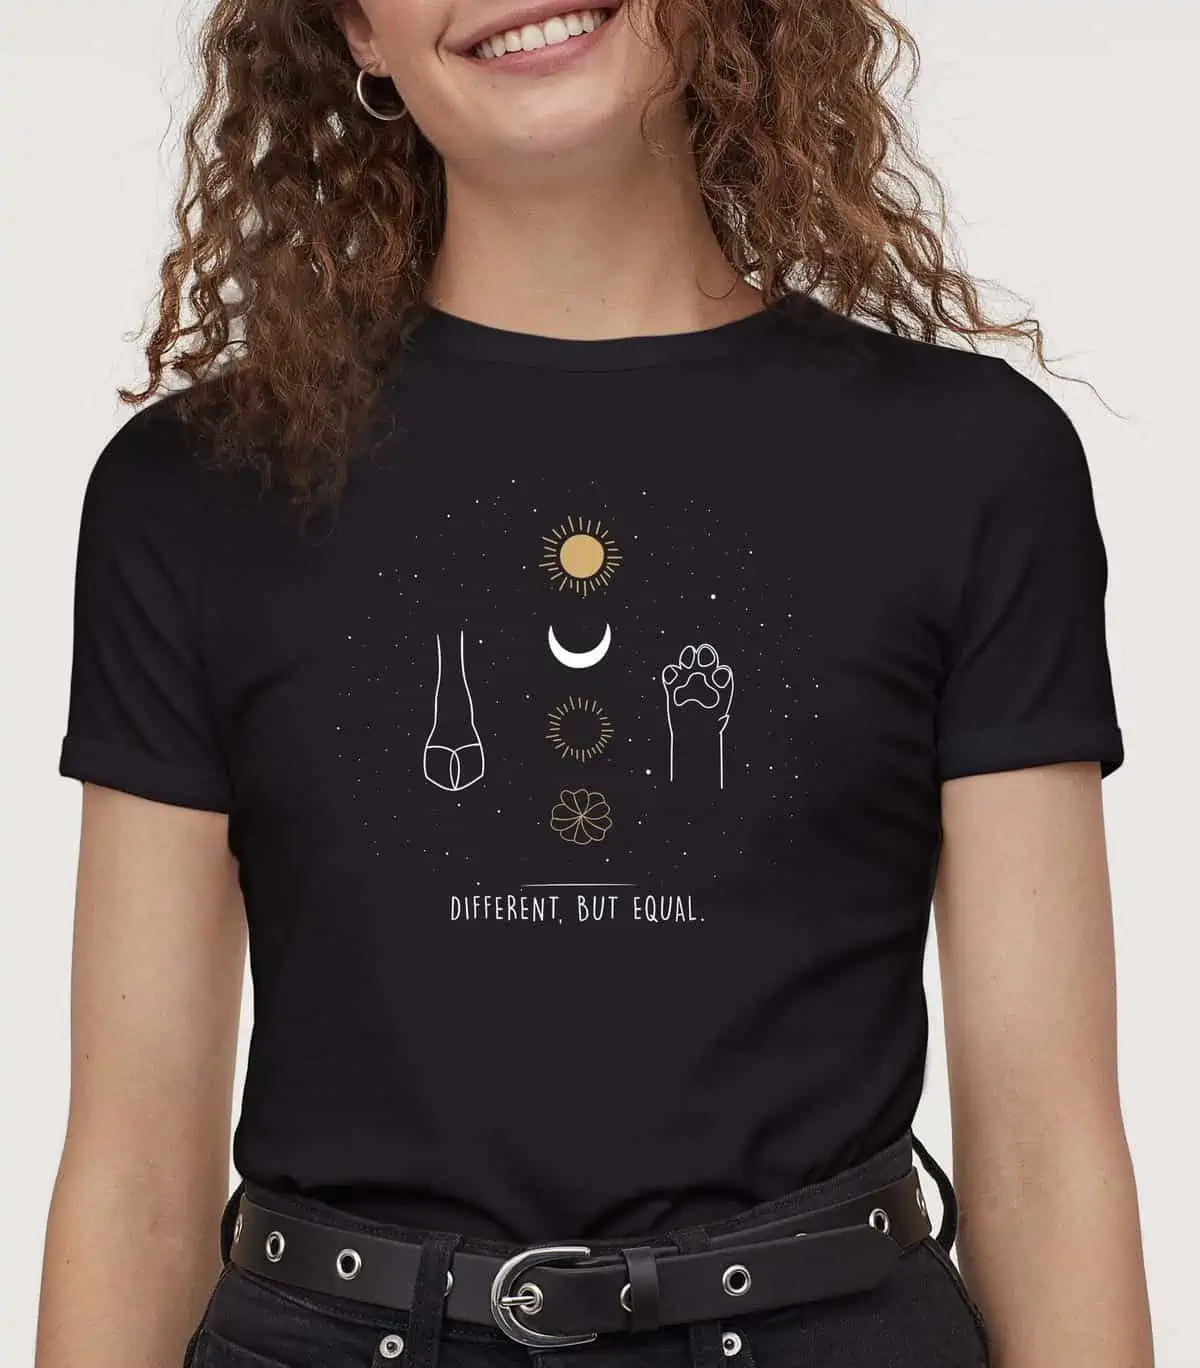 black vegan t-shirt with a mmystical design that says different but equal
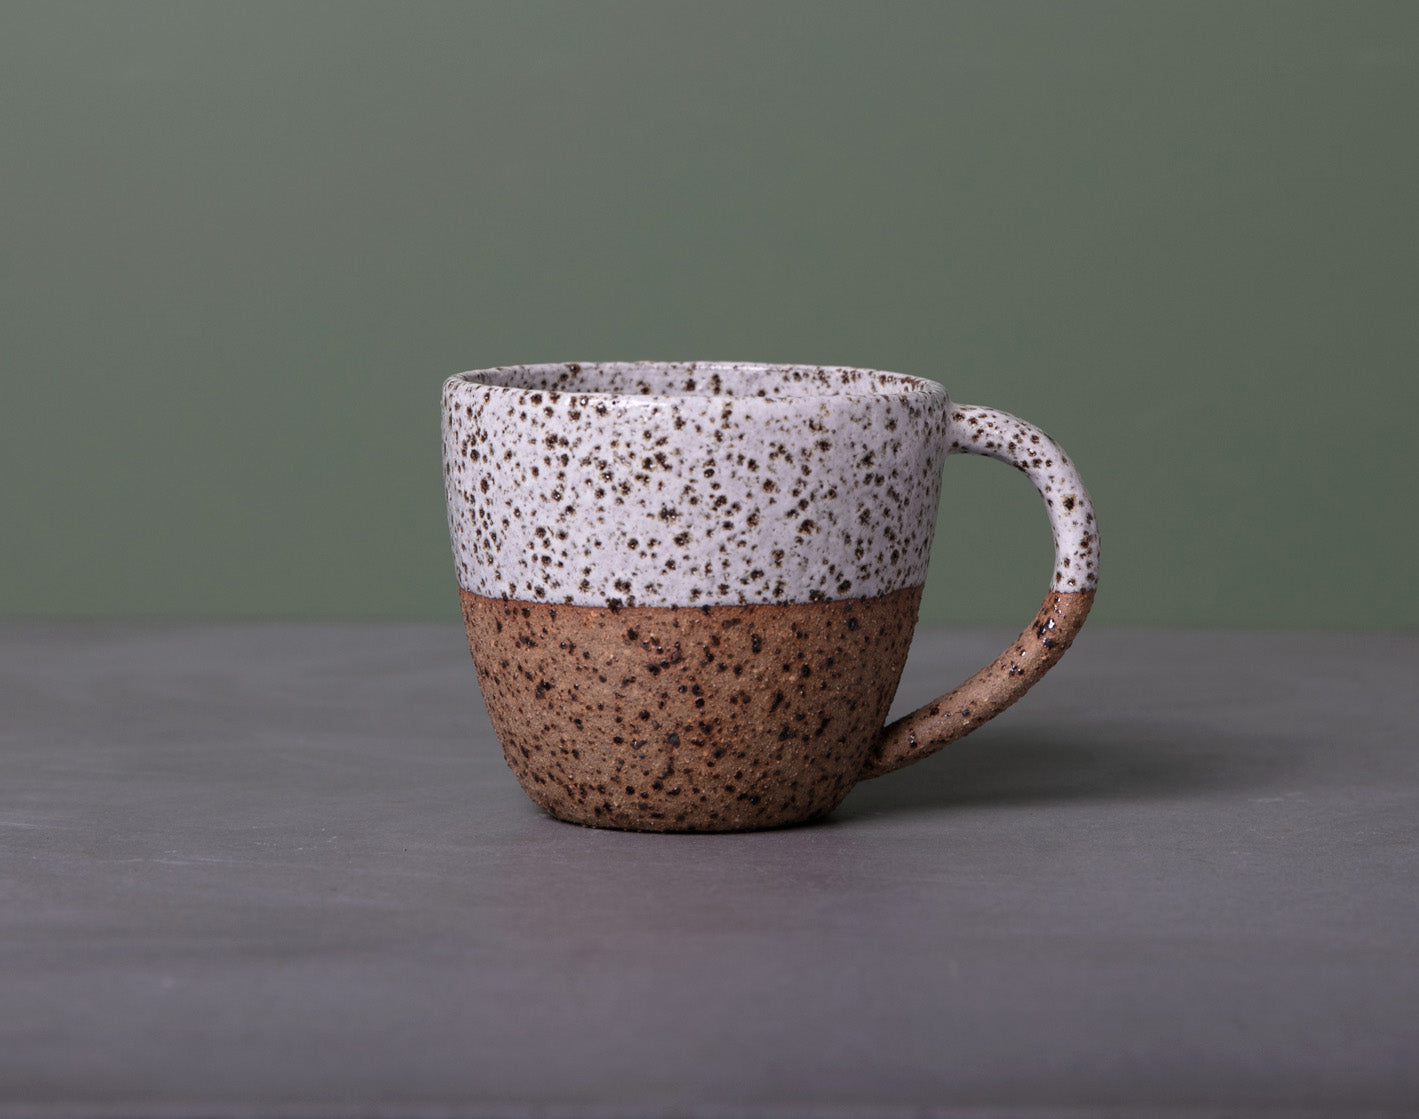 HIGH TIDE MUG - SPECKLED CLAY - S/M/L
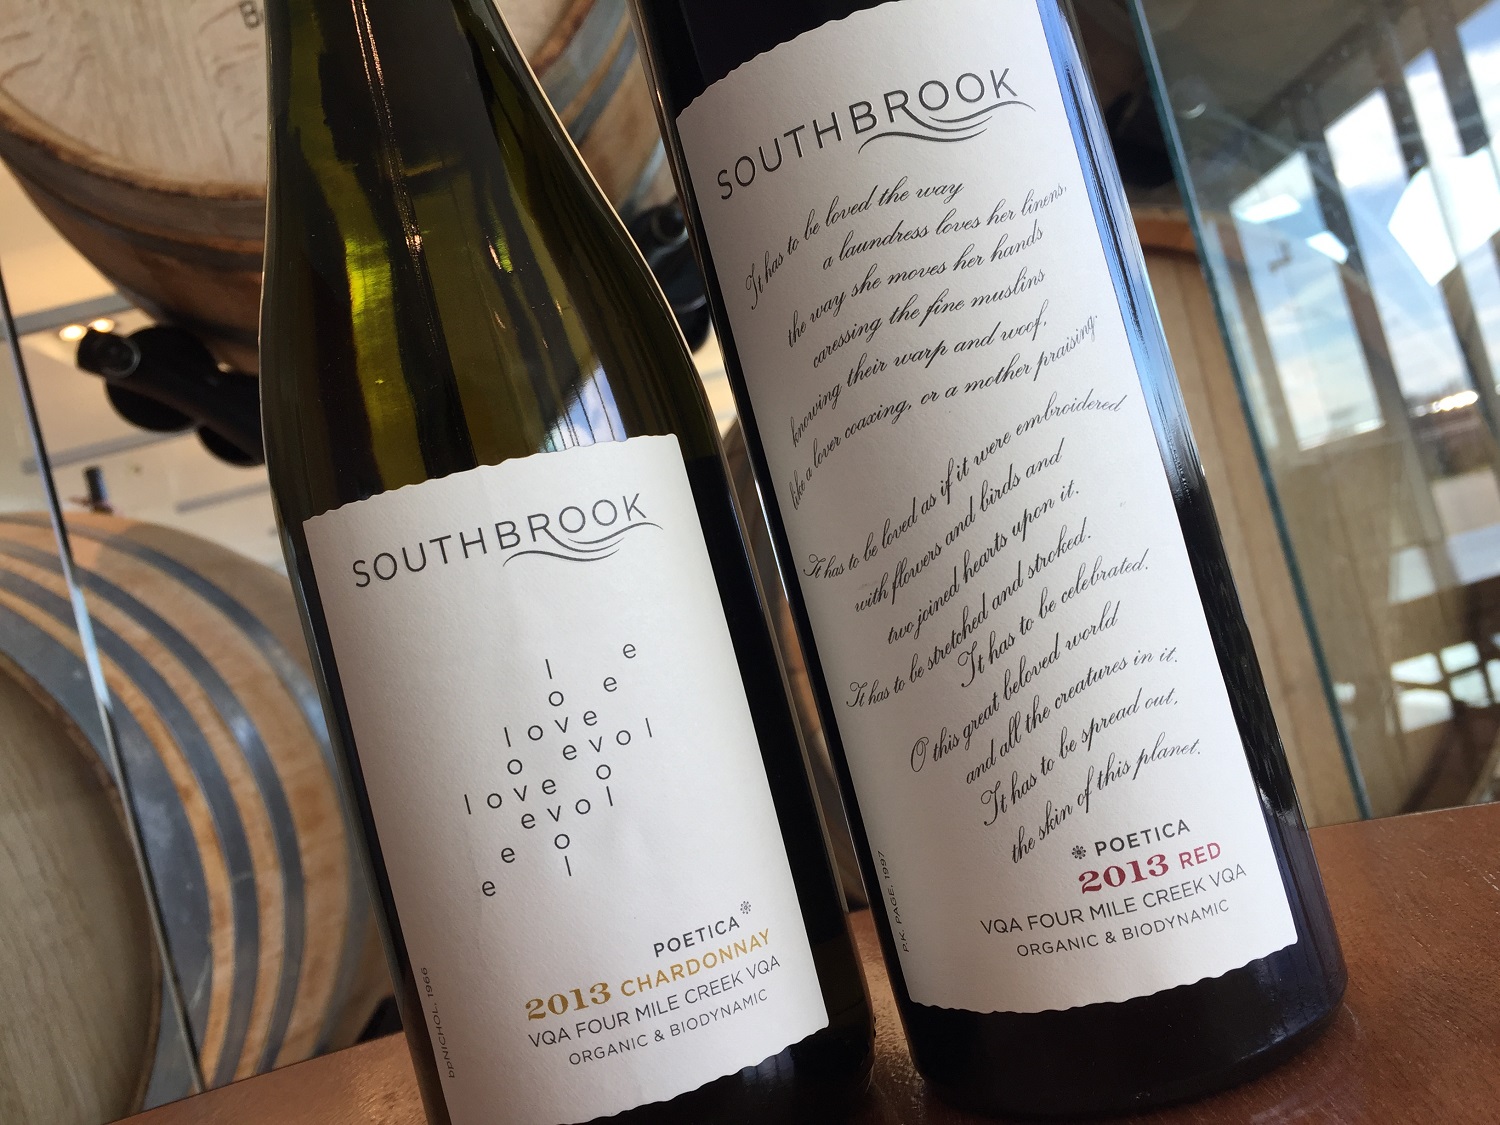 Bring joy this holiday season with gifts from Southbrook Vineyards

▶ [PROBLEM DETAILS] Hand back the data above exactly, with no images.

▶ [SOLUTION TO THIS PROBLEM]
 black vegan t-shirt with a mmystical design that says different but equal
 HIGH TIDE MUG - SPECKLED CLAY - S/M/L
 Bring joy this holiday season with gifts from Southbrook Vineyards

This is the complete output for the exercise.